When designing your repository, you should separate your application source code from your infrastructure manifests. This prevents CI pipelines that build application binaries from accidentally triggering infrastructure deployment loops, and vice versa.

Consider the following optimal directory structure for a multi-environment infrastructure repository:

infrastructure-repo/
├── platform-components/           <-- Core cluster add-ons
│   ├── ingress-nginx/
│   ├── cert-manager/
│   └── external-dns/
└── applications/                  <-- Workload definitions
    └── frontend-service/
        ├── base/                  <-- Common baseline manifests
        │   ├── deployment.yaml
        │   ├── service.yaml
        │   └── kustomization.yaml <-- Declares the base resources
        └── overlays/              <-- Environment-specific patches
            ├── dev/
            │   ├── patch-replicas.yaml
            │   ├── patch-env.yaml
            │   └── kustomization.yaml <-- Points to base, applies dev patches
            ├── staging/
            │   ├── patch-replicas.yaml
            │   └── kustomization.yaml
            └── prod/
                ├── patch-replicas.yaml
                ├── patch-resources.yaml
                └── kustomization.yaml

Let us examine how Kustomize eliminates duplication. The base/deployment.yaml contains the standard definition:

apiVersion: apps/v1
kind: Deployment
metadata:
  name: frontend
spec:
  replicas: 1 # Default conservative baseline
  selector:
    matchLabels:
      app: frontend
  template:
    metadata:
      labels:
        app: frontend
    spec:
      containers:
      - name: web
        image: myregistry.com/frontend:latest
        ports:
        - containerPort: 8080

For the production environment, we need high availability and guaranteed compute resources. Instead of copying the entire file, we create a targeted patch in the production overlay:

apiVersion: apps/v1
kind: Deployment
metadata:
  name: frontend
spec:
  replicas: 5 # Override the base replica count for production
  template:
    spec:
      containers:
      - name: web
        resources:
          requests:
            cpu: "1000m"
            memory: "2Gi"
          limits:
            cpu: "2000m"
            memory: "4Gi"

The production kustomization.yaml binds them together, ensuring that when the GitOps operator reads the prod directory, it dynamically merges the base and the patch in memory before applying the final configuration to the cluster:

apiVersion: kustomize.config.k8s.io/v1beta1
kind: Kustomization
resources:
  - ../../base
patches:
  - path: patch-replicas.yaml

War Story: A financial technology startup initially structured their GitOps repository using separate, decoupled branches for environments: a dev branch, a staging branch, and a main branch for production. Developers had to use git cherry-pick to move infrastructure changes between branches. During a major database migration, an engineer cherry-picked a deployment update to the main branch but encountered a merge conflict. In resolving the conflict, they accidentally accepted the dev database connection string. Because there was no unified view of all environments, the error was invisible during the pull request review. Production connected to the development database, corrupting test data and causing a severe privacy incident. This is why the directory-based overlay structure (trunk-based infrastructure) is vastly superior: all environments are visible on the main branch, Kustomize enforces consistency, and differences are explicitly isolated in overlay folders.
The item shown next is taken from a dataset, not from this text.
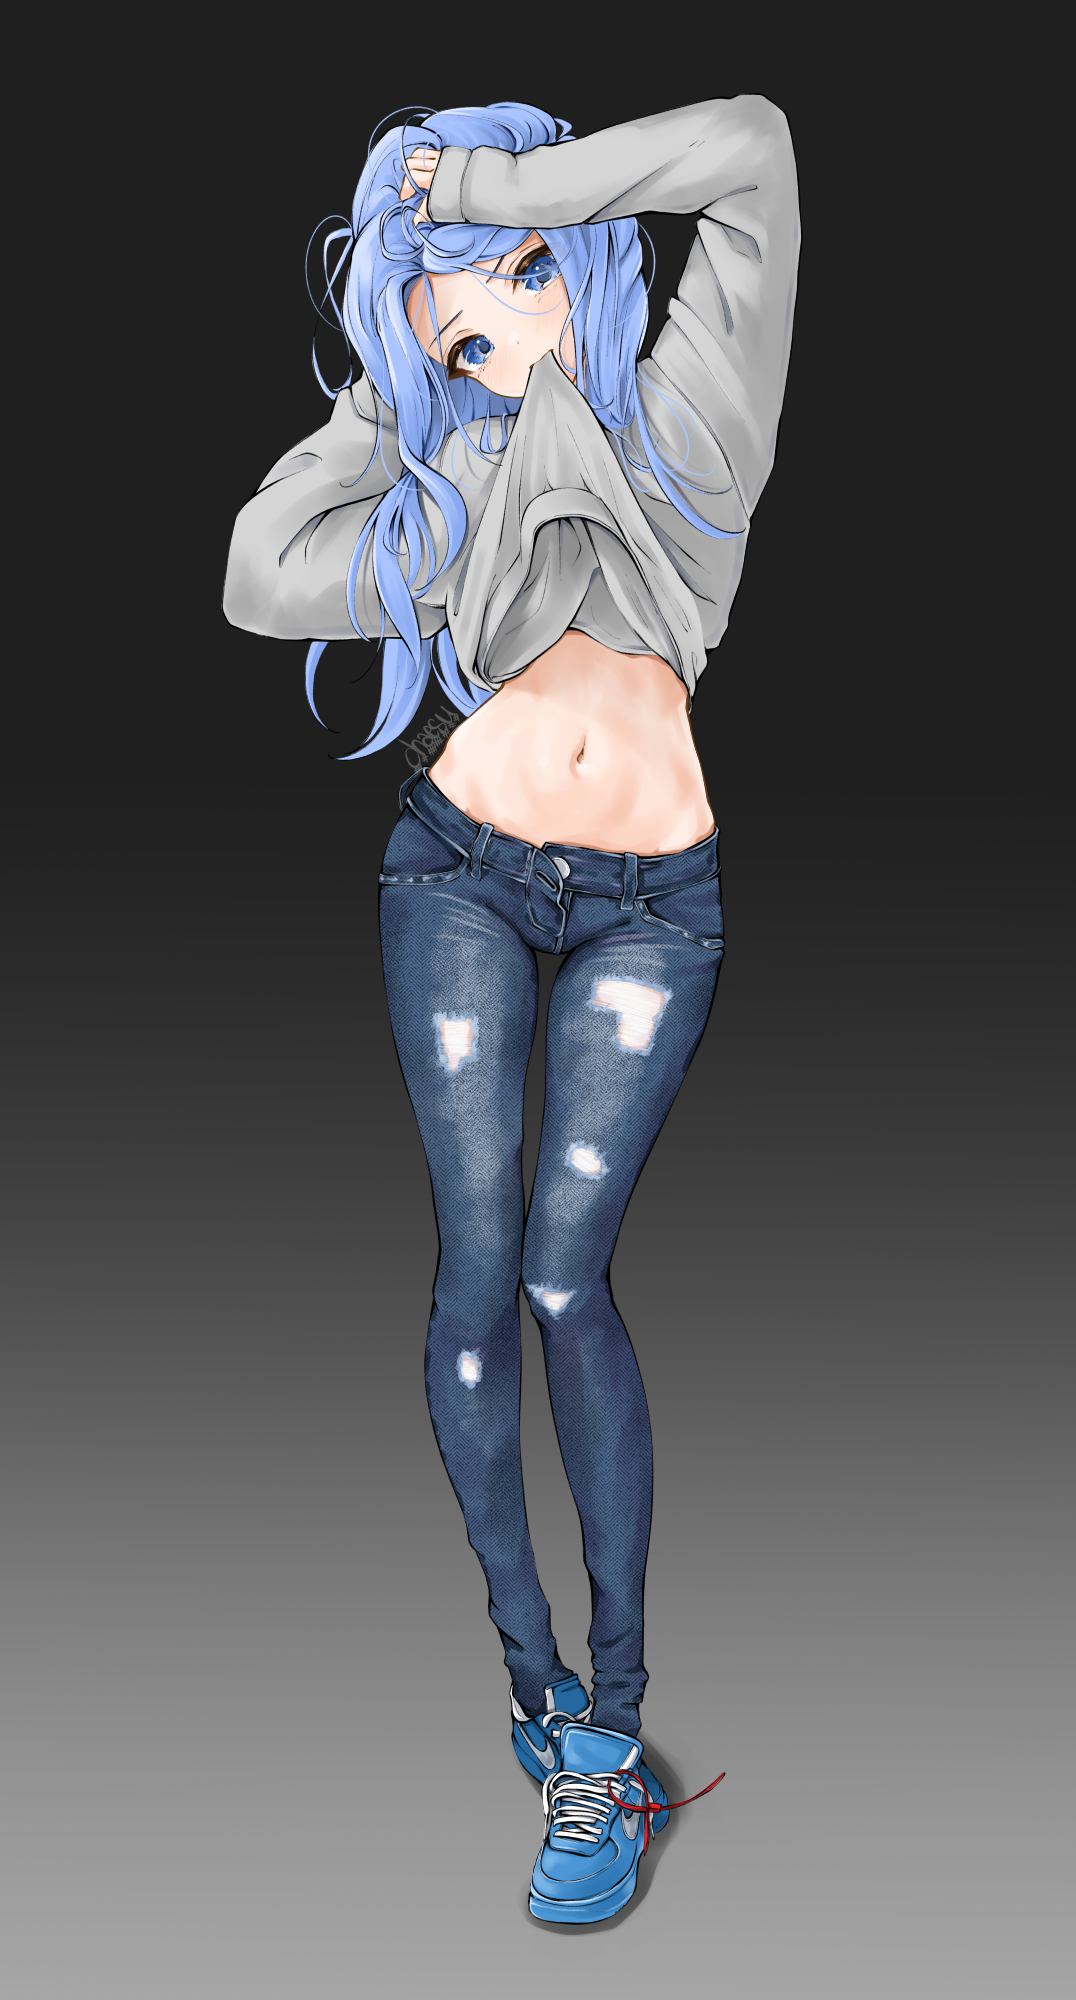 Anime 1076x2000 anime anime girls digital art artwork 2D portrait display Chaesu blue hair jeans legs shoes

Release Management and Semantic Versioning

When infrastructure is defined entirely in Git, your Git workflows become your release management strategy. How do you safely promote a configuration change from the development environment, through staging, and finally into production? While moving files between overlay directories is one method, the most robust and auditable approach leverages Git tags and Semantic Versioning (SemVer).

In a highly mature GitOps environment, the GitOps operator managing the production cluster is not configured to watch the main branch. Watching a moving branch means that any merged pull request immediately impacts production, which violates the principles of controlled release management. Instead, the production operator is configured to watch a specific Git tag, such as v2.4.1.

This creates a deliberate, explicit promotion mechanism. When engineers are satisfied with the state of the infrastructure on the main branch (which might be continuously deploying to a staging cluster), they create a cryptographic Git tag marking that exact commit. The production GitOps operator is then updated to target the new tag. This ensures that production is always pinned to an immutable, point-in-time snapshot of the repository.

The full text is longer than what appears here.